═══ Dataset extract

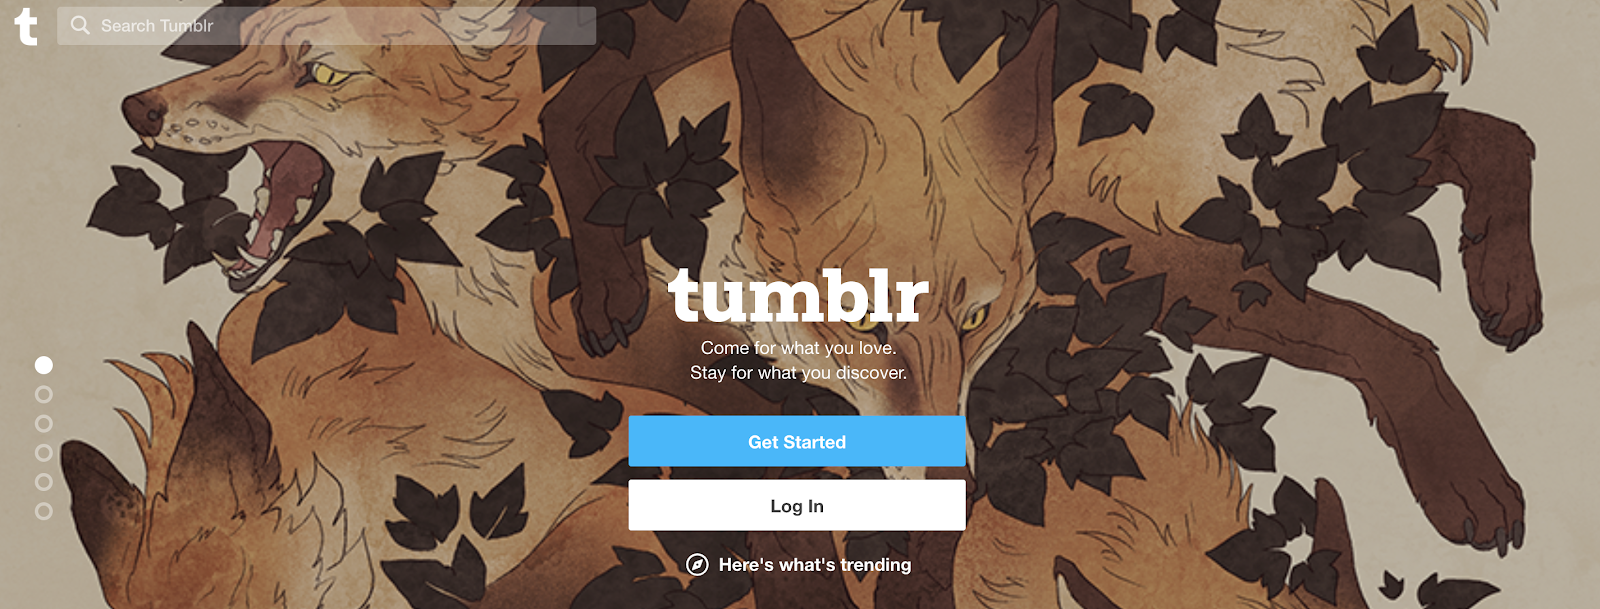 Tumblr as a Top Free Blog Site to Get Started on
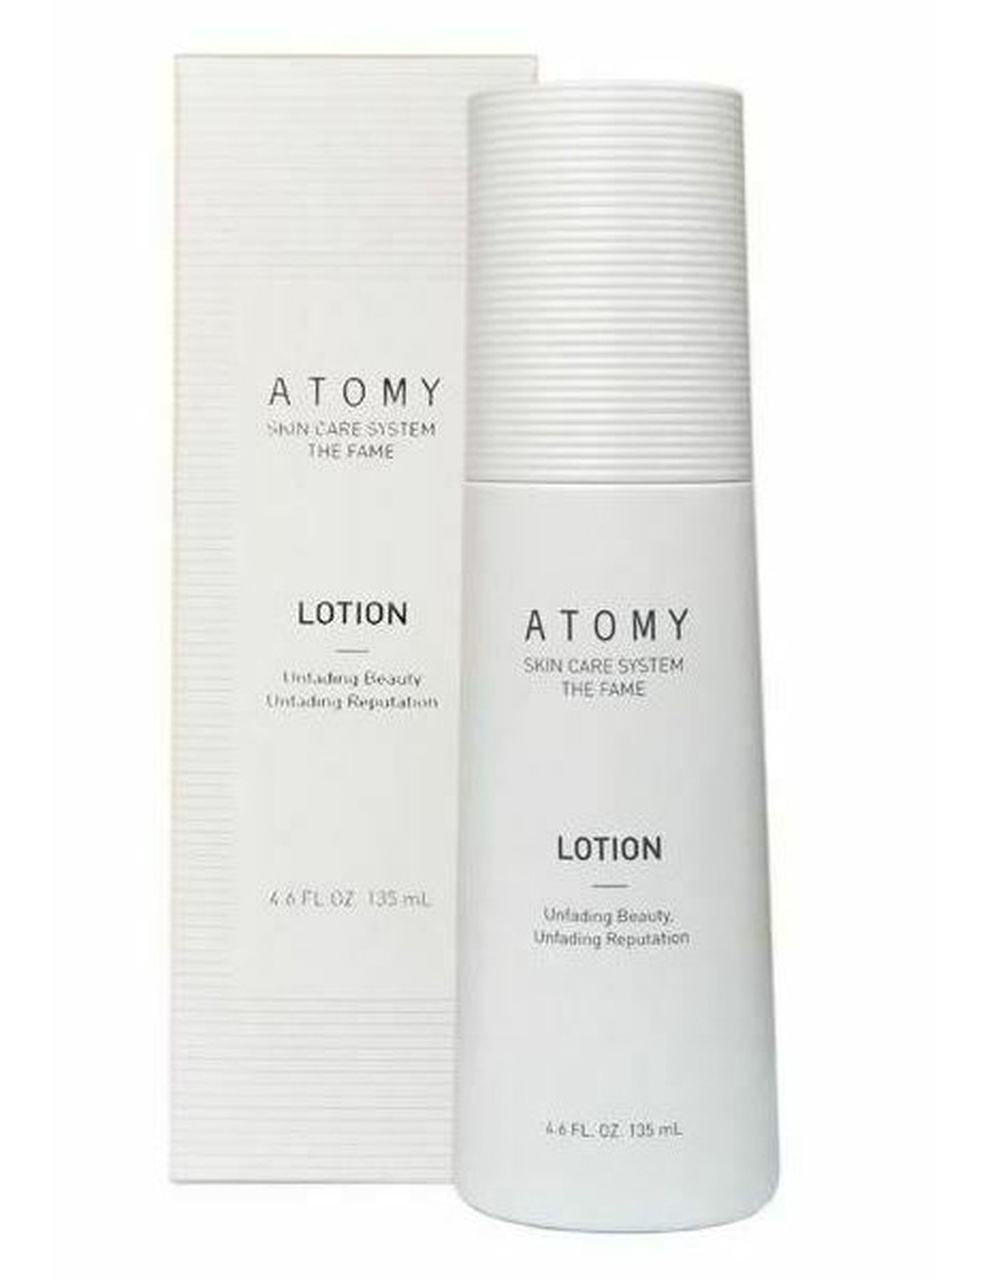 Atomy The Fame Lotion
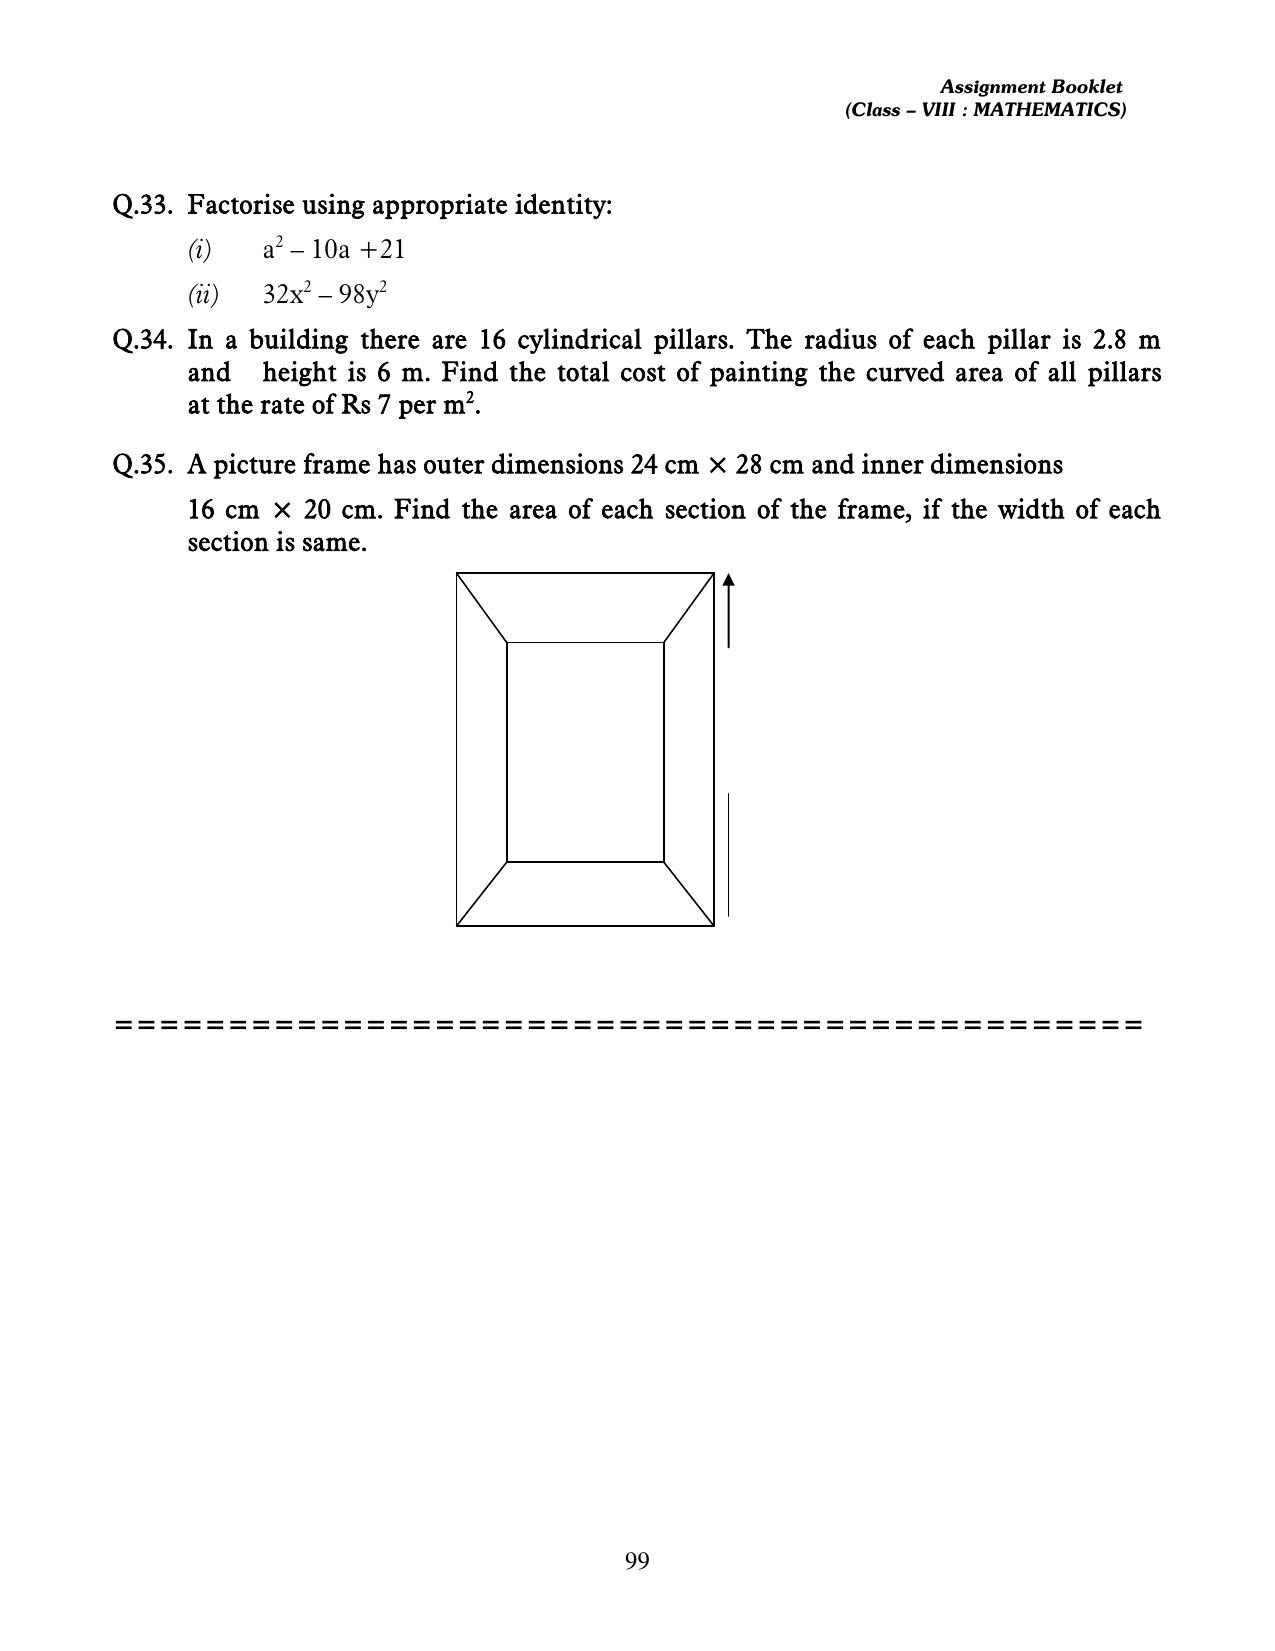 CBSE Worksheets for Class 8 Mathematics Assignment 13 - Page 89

══════

Task description → Starting at the line that holds "Atomy The Fame Lotion", reproduce each line through the last one of the listing, and nothing more; the pictures stay out.

Expected answer →
 Atomy The Fame Lotion
 CBSE Worksheets for Class 8 Mathematics Assignment 13 - Page 89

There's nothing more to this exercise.